The Financial Times recently described Japan as a sorry state. Japan has repeatedly offered apologies to Korea and China. However, repeated absurd remarks by the countrys politicians have watered down the apologies made by its emperor and prime ministers, giving the impression that Japan believes that it has nothing to be sorry for, despite its apologies. Fortunately, however, there are still conscientious academics in the country.
Some Japanese academics have made it clear that the Dokdo islets belong to Korea. Prominent among them is Kazuo Hori, a former Kyoto University professor of economics. Dokdo appeared in Korean documents 200 years before it did in Japanese documents. The Edo government acknowledged that the islets were part of Korea in 1696 when it banned passage to Ulleungdo and Dokdo. The records kept by Japanese fishermen in Shimane Prefecture that show Dokdo owned by Japan have nothing to do with territorial sovereignty. He points out that Japan makes inconsistent arguments, changing its position from Dokdo is part of Japan, to Japan occupied the islets because they were not owned by any country.
Seitzu Naito, a professor emeritus of Shimane University, shares this view. He wrote a column saying, Korea is correct, even when Japans Shimane Prefecture was gripped by the Dokdo issue. He also said, There are numerous Japanese sources that date to before the Second World War that support that the islets were owned by Korea.

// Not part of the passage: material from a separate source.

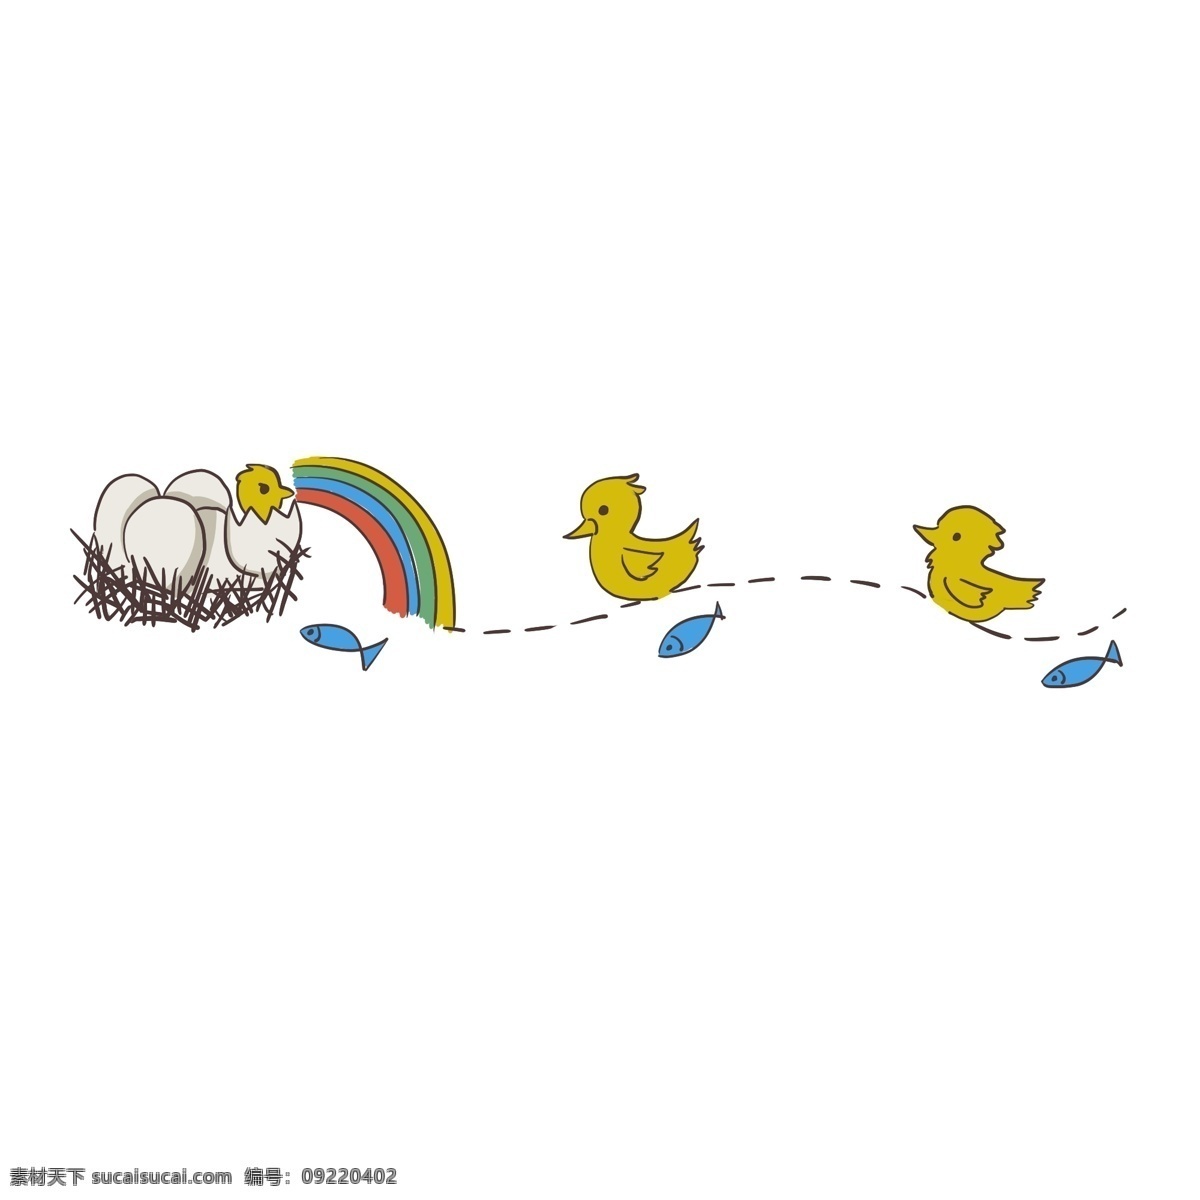 黄色 小鸭 分割线 插画 鸭子分割线 动物插画 卡通分割线 分割线插画 创意分割线 鸭子绘图

Furthermore, he maintains that Shimane fishermen in the Edo period also recognized the islets as Korean territory after the ban on passage to the islets was announced. He makes it clear that Japan never claimed ownership over Dokdo before the 1905 announcement.

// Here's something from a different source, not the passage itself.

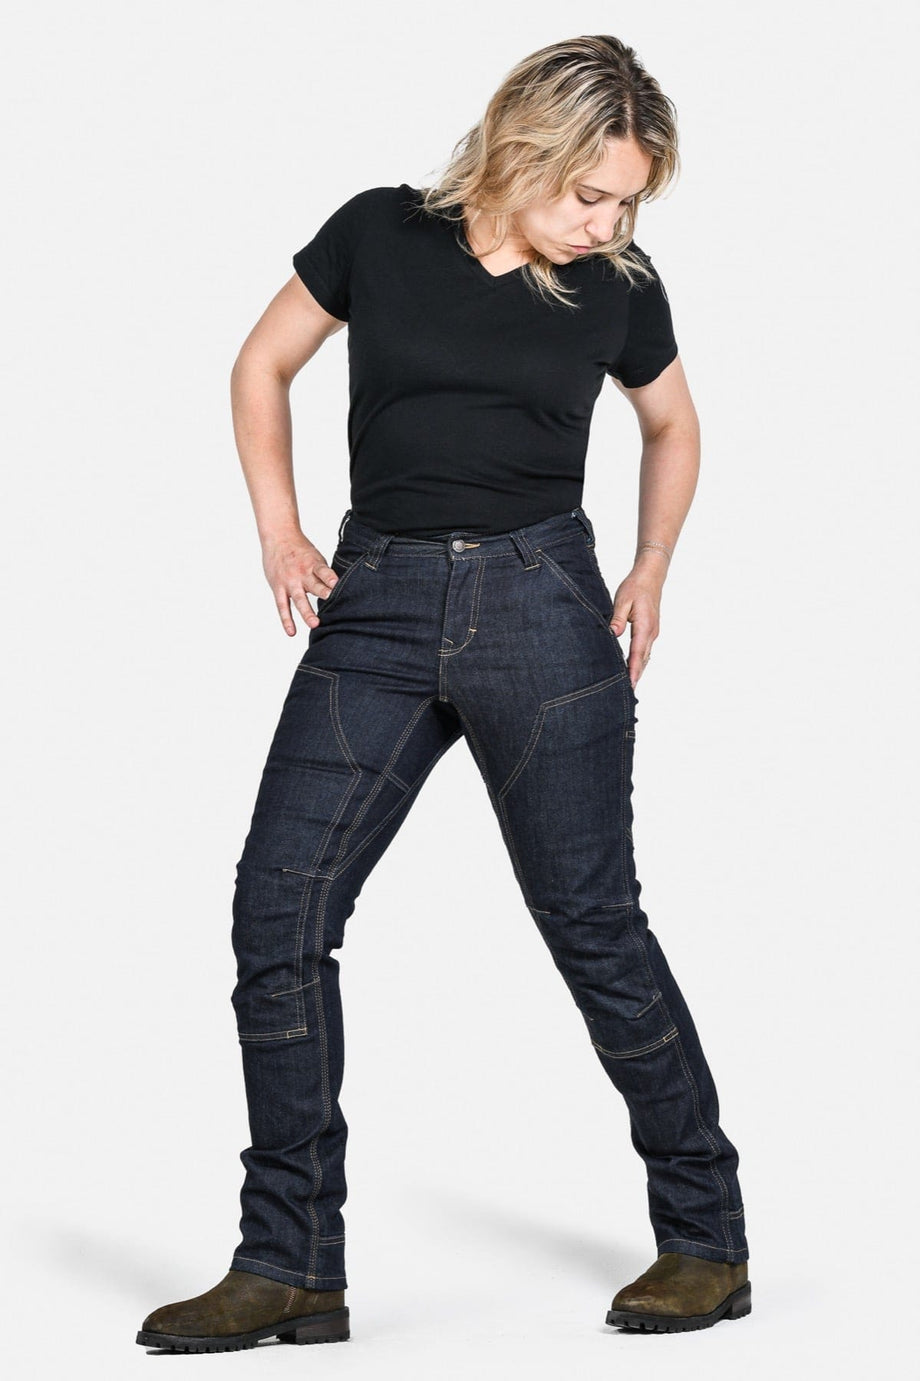 Dovetail Workwear Women's DX Bootcut Denim Jean in Indigo - Jeans

Professor Soji Takasaki, a Japanese modern and recent history researcher of Tsudajuku University, even argues, It is desirable for Japan to hand over Dokdo to Korea. It was unfair that Japan did not notify Korea of the integration of the islets into Shimane Prefecture. He points out that the story of a Japanese national named Nakai who moved to Dokdo, upon which Japans claim of ownership over the islets according to international law rests, is fictional.
It appears that there are still voices of conscience, even in the sorry state. However, it is disturbing that such voices of conscience are increasingly being buried by nationalism.